Monday, September 6, 2010

date of the up variety

So. Let me just tell you about my ridiculous life.

Did I tell you I almost got run over by a deer? Yeah. Almost impaled by a buck. It came galloping towards me as I nonchalantly strolled out of my apartment, and was going SO FAST that it tripped, fell, SKIDDED, and then got up and kept running. awesome. After the deer almost killed me, 2 guys from my ward came running by and it turns out they had terrified it into running. Awesome.

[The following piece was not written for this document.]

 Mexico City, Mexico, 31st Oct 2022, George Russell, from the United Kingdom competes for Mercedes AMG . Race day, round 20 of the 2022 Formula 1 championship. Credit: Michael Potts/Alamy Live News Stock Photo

Scampering deer not do it for you? How about a capstone course SO INTENSE it makes me people cry? Yup. that's my major. The professor looks for your weaknesses, your buttons if you will, and he presses them repeatedly until you can't take it. And yet you're supposed to. Awesome. Every thursday for the rest of the academic year, people.

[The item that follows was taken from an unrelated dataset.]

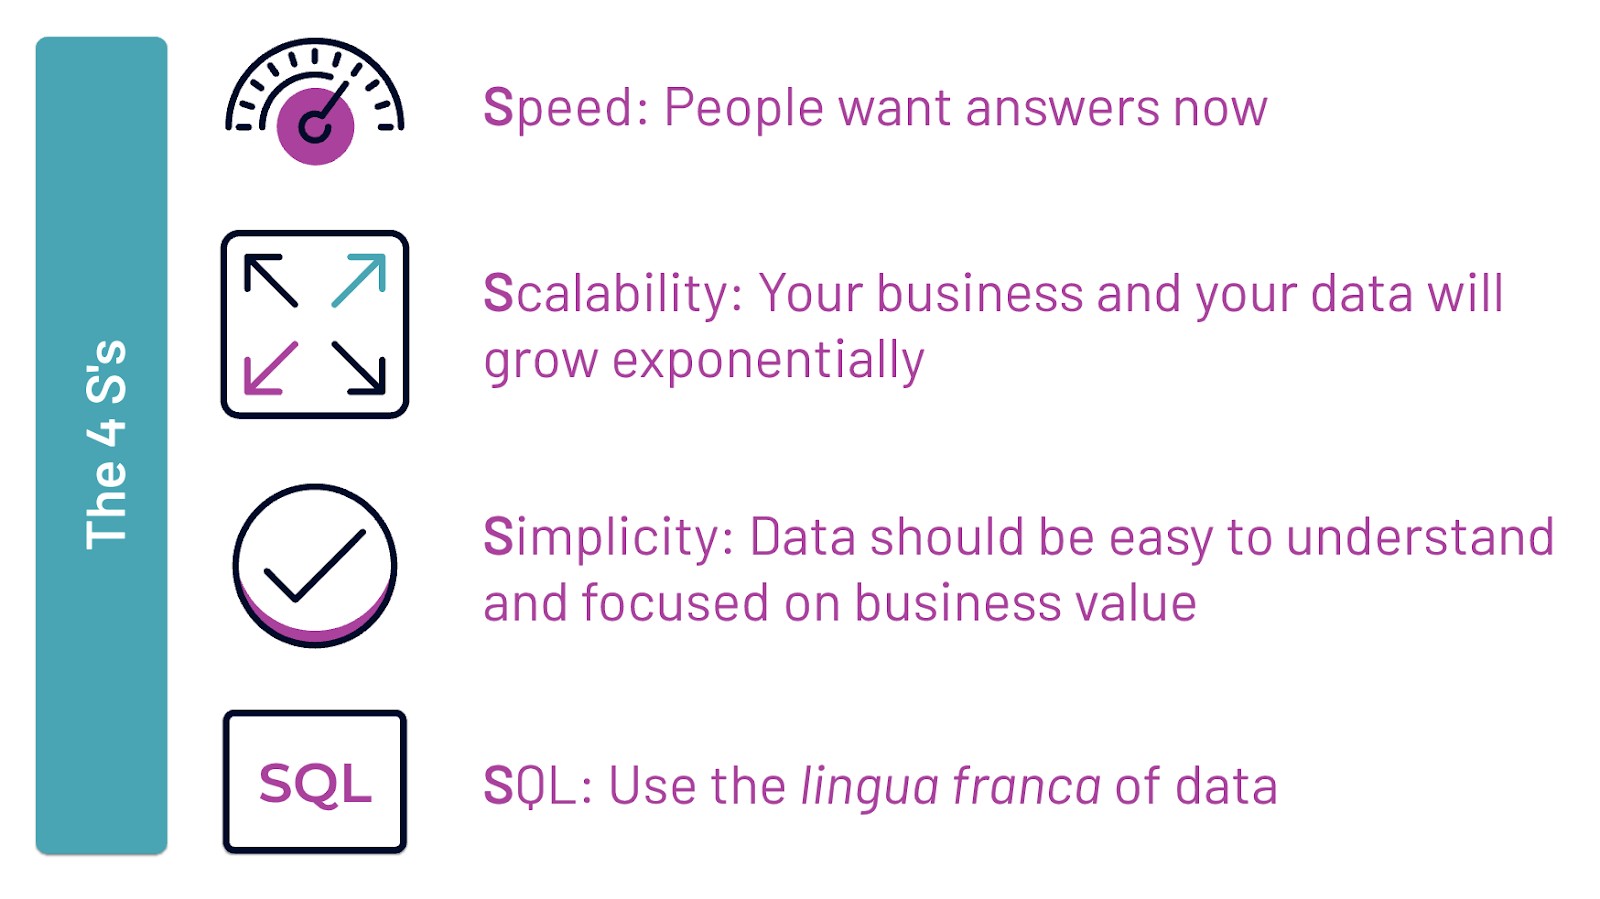 Speed, Scalability, Simplicity, and SQL

Or how about the fact that my job is to represent mormons as a whole? When you click on "chat with us" on mormon.org, you get me. At least on the shifts that I work. So when people decide they want to ask any question to a mormon, they ask me. Which is excellent.

And try this on for size: 4 of my best friends got married. Which means that consistent nighttime hangouts are pretty much gone. Who's a loser from 7-whenever I go to sleep? Oh that's me. Yup. The redhead in the corner.

Basically, here's the deal: all the chance happenings, that are supposed to be rare and unplanned, happen to me. It's fine.

In other news, life is pretty good. Provo is prematurely turning cold, which is fine, except that I HATE the winter. And I haven't yet budgeted for boots. FOr the coldness. I have budgeted for a blender though, which means it's smoothie for breakfast time everyone!. Yeeee haw!

Yeah. Don't know what that was about. It's fine.